I am hoping to trade into the OBBR in 2010. When should I look?


----------



## Blondie (Oct 8, 2008)

What is OBBR?


----------



## krmlaw (Oct 8, 2008)

Sorry ... Oyster Bay Beach Resort in St Martin, through II


----------



## lprstn (Oct 8, 2008)

Look at least 1.5 years in advance if possible as the bulk banking and other banking with II is usually only 1 year in advance


----------



## tashamen (Oct 9, 2008)

That's a pretty easy trade because they do bulk bank.  Why wouldn't you just put in an ongoing request?


----------



## krmlaw (Oct 9, 2008)

Ive never exchanged with II before, can I do that?


----------



## carlrocky (Oct 13, 2008)

*Oyster Bay Beach Resort*

It took me about 6 months to get a trade thru II to the oyster bay beach resort for this comming March 2009.


----------



## krmlaw (Oct 16, 2008)

Should I start an open trade?

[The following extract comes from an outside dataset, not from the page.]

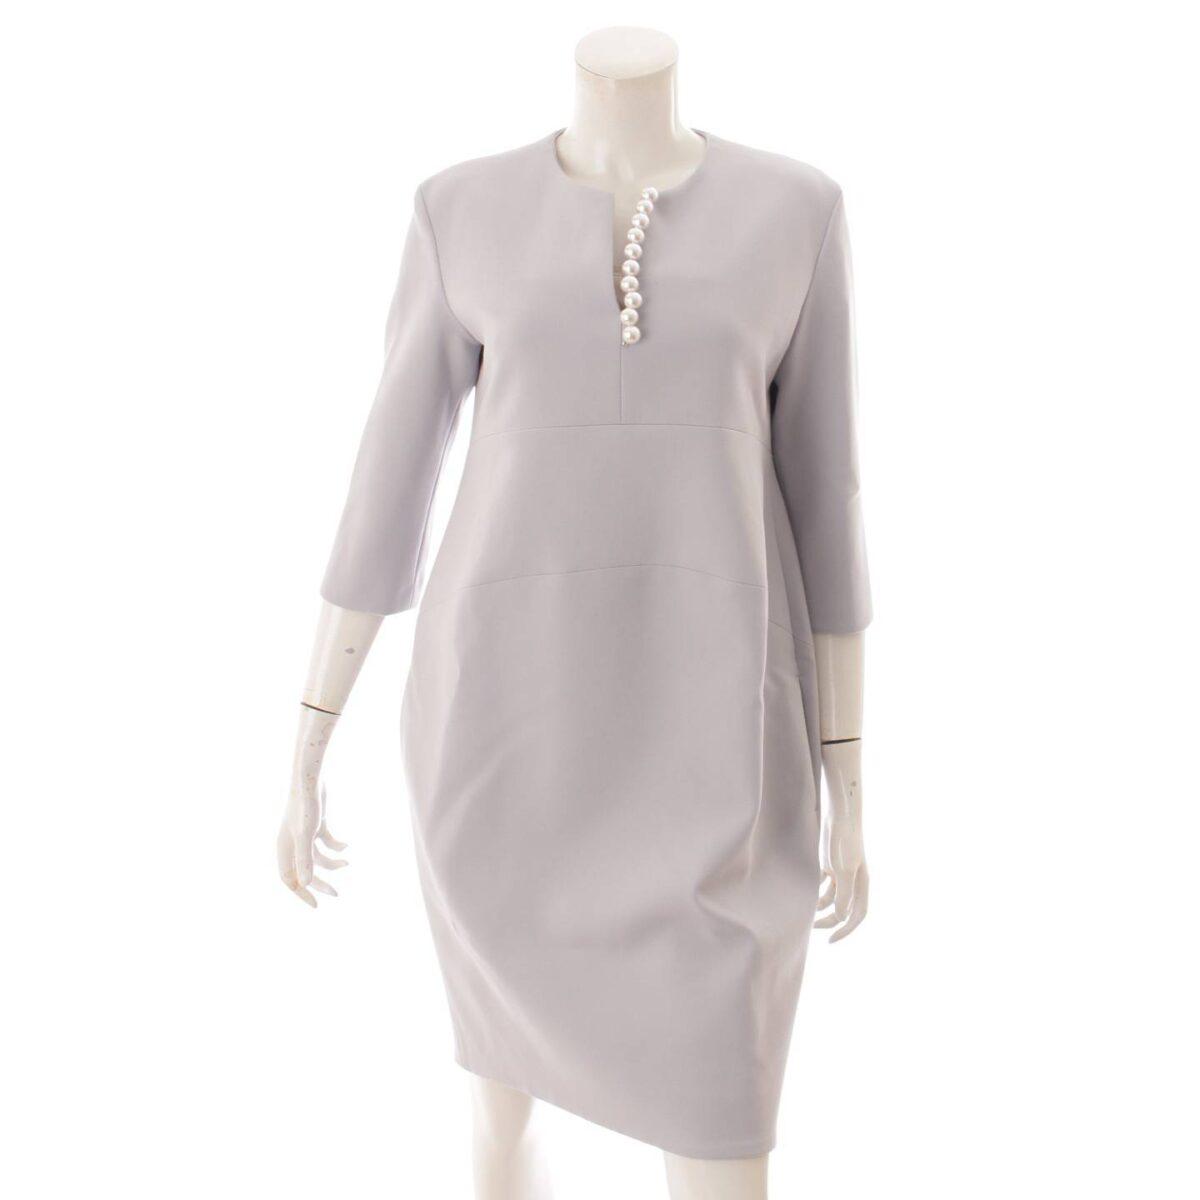 ヨーコチャン 20年 七分袖 パール スリットラインドレス ワンピース YCD-120-567 サックス
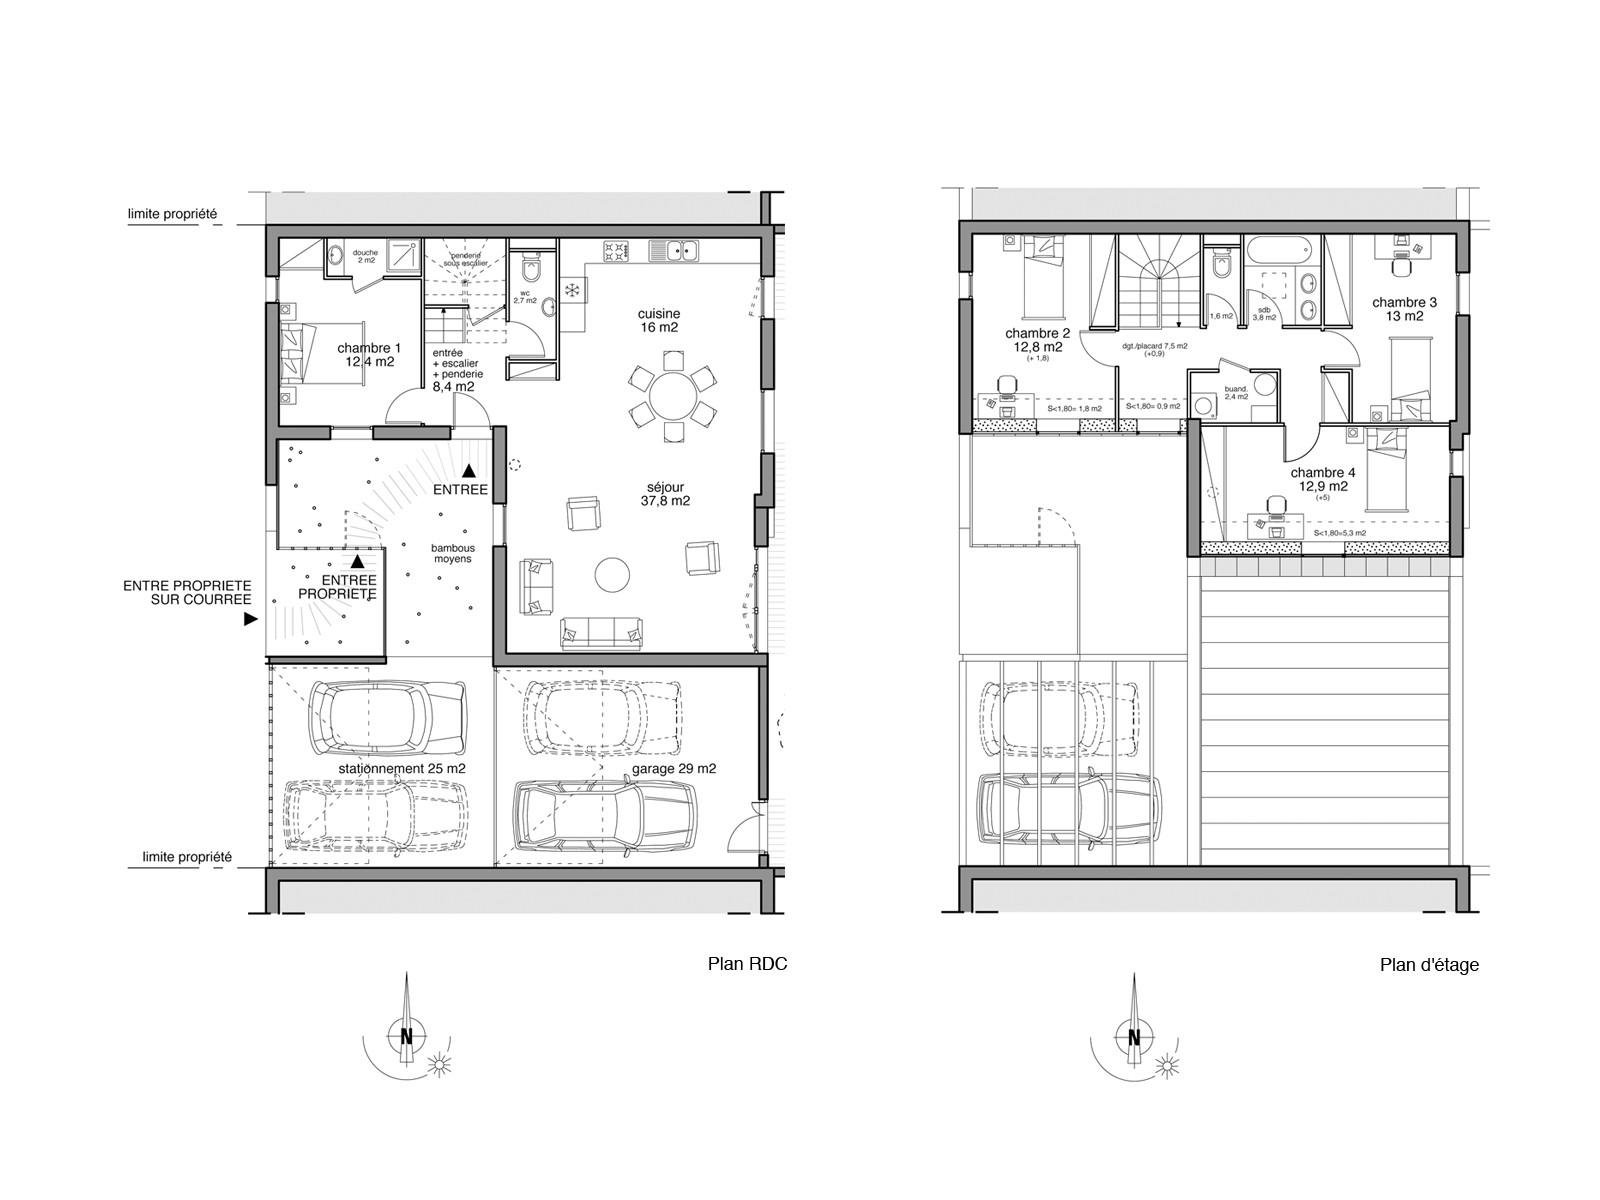 plan maison de ville mitoyenne perfect maison mitoyenne ct m with plan maison de ville. Black Bedroom Furniture Sets. Home Design Ideas

Or should I wait til a see the weeks get posted?


----------



## Cappy (Nov 4, 2008)

*start a search !!!!!!!!!!!!*

 It is the only way you will get it thur II
I stopped using them!! I use RCI, Dial exchange & SFX


----------



## krmlaw (Nov 5, 2008)

I just paid my MF, so Im going to start a search now! Thanks!


----------